In case you haven’t noticed, the popular hidden object game genre is evolving rapidly. This includes adding elements from the once-popular point-and-click adventure game genre. The latest to fold these two gameplay concepts into one is GestaltGames’ Nick Chase, a puzzle-filled detective story with high production values.

You play as Chase, a cop-turned-P.I., in desperate need of work. Fortunately a mysterious man known only as The Collector shows up and asks you to find clues, collect evidence and solve brain teasers that could unravel the mystery to Leonard Di Vinci’s missing manuscript. The tale is told via gritty black & white storyboards and some animated sequences, and voiced by the raspy protagonist in true film noir style.

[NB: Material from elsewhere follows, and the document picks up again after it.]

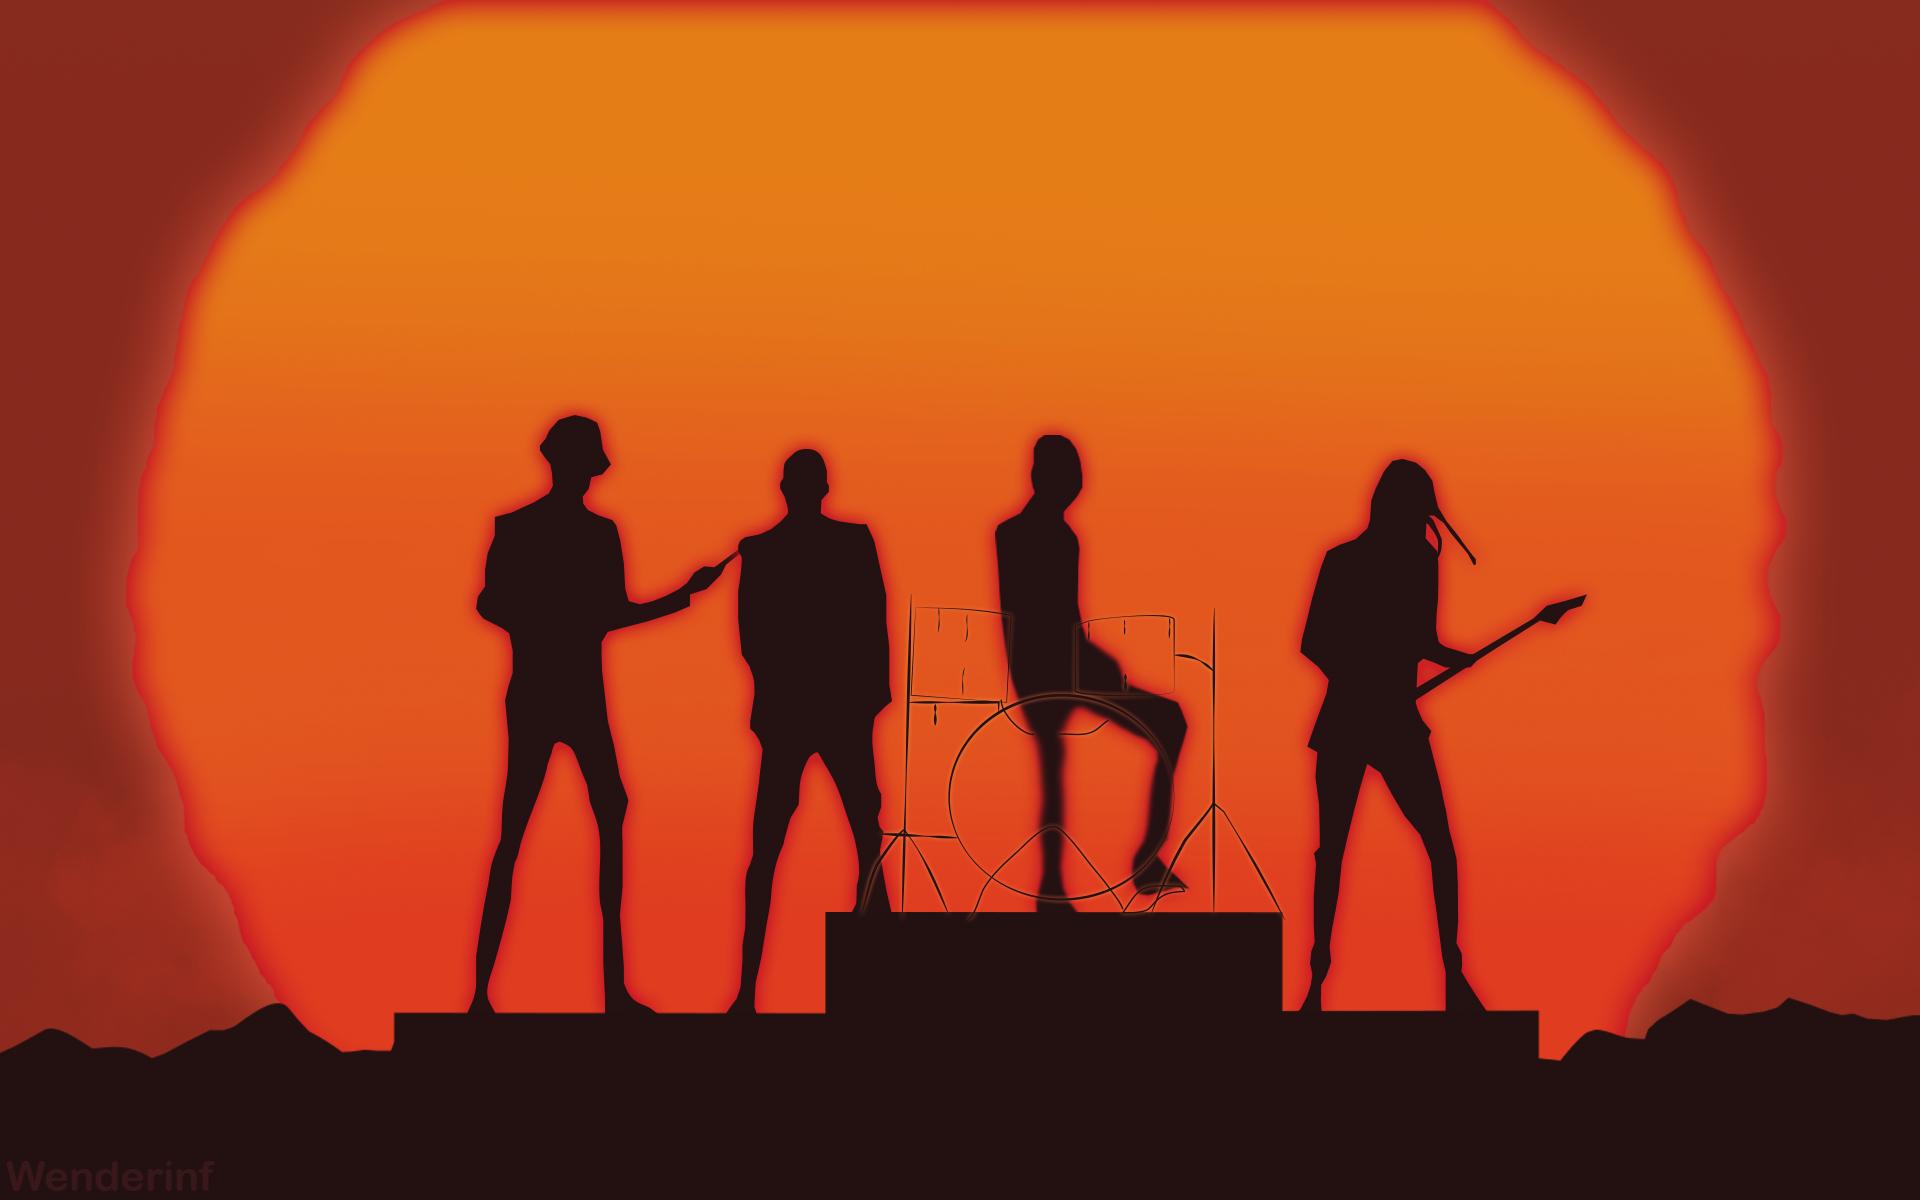 Daft Punk-Get Lucky Wallpaper by wenderss on DeviantArt

Gamers will explore dozens of hand-drawn environments in order to look for — and use — objects that can help Chase inch towards completing this odd case. As an example of how this game combines "HOG" and adventure elements is when you’re searching a decrepit apartment for 14 pieces of a chest cover, and once you find all of them you’re asked to place them in the correct order by matching the shapes on top of the chest. Doing so successfully opens the chest to reveal an item inside.

Even more fun is when you visit a friend’s lab and he lets you use his equipment to analyze some evidence. But first you must find a photo that shows you how to build the contraption, then find all the hidden pieces and drag and drop them into its proper spot. Finally you must solve three mini-games to extract chemicals needed for the analysis, and then light the Bunsen burner. All the items are wonderfully tied together to the task at hand, story and characters involved. There are even flashback scenes you can solve to help you remember events.

Each of the locations you’re searching through have little bullets scattered around, which go into your "Hint" revolver chamber for when you need some help. Some puzzles you can skip if you like (for instance, if you can’t figure out how to get into a locked room), but most scenes do not have a timer, so you can take as long as you need. Some mini-games must be completed within a certain amount of time, though. Clicking incorrectly too many times might initiate a comment or two from Nick but you’re not penalized.

Nick Chase: A Detective Story is a fun game — and the story is good enough to keep you clicking to see what happens next — but it’s not a flawless adventure. For one, when you save a game and return at a later time it’s not always saved at the point you left, forcing you to repeat puzzles all over again. This happened twice during our time with the game, so we’re not sure if it’s a bug or a design decision.

Secondly, some of the items you search for can be confusing; early on in the game, for example, you’re asked to location 20 envelopes in an office, but an envelope on top of a cabinet wasn’t one of them for some reason. This happened a few minutes later in the lab when you’re asked to click on vials: some on the screen were correct while others were not.

Overall, though, HOG and adventure fans should feel this game is worth the investment. Some mini-games accessible from the main menu (and different than the ones during the game) add some replayability, too, including clever clones of Pong and Breakout (a.k.a. Arkanoid). Be sure to download Nick Chase to "investigate" its worth during the free trial.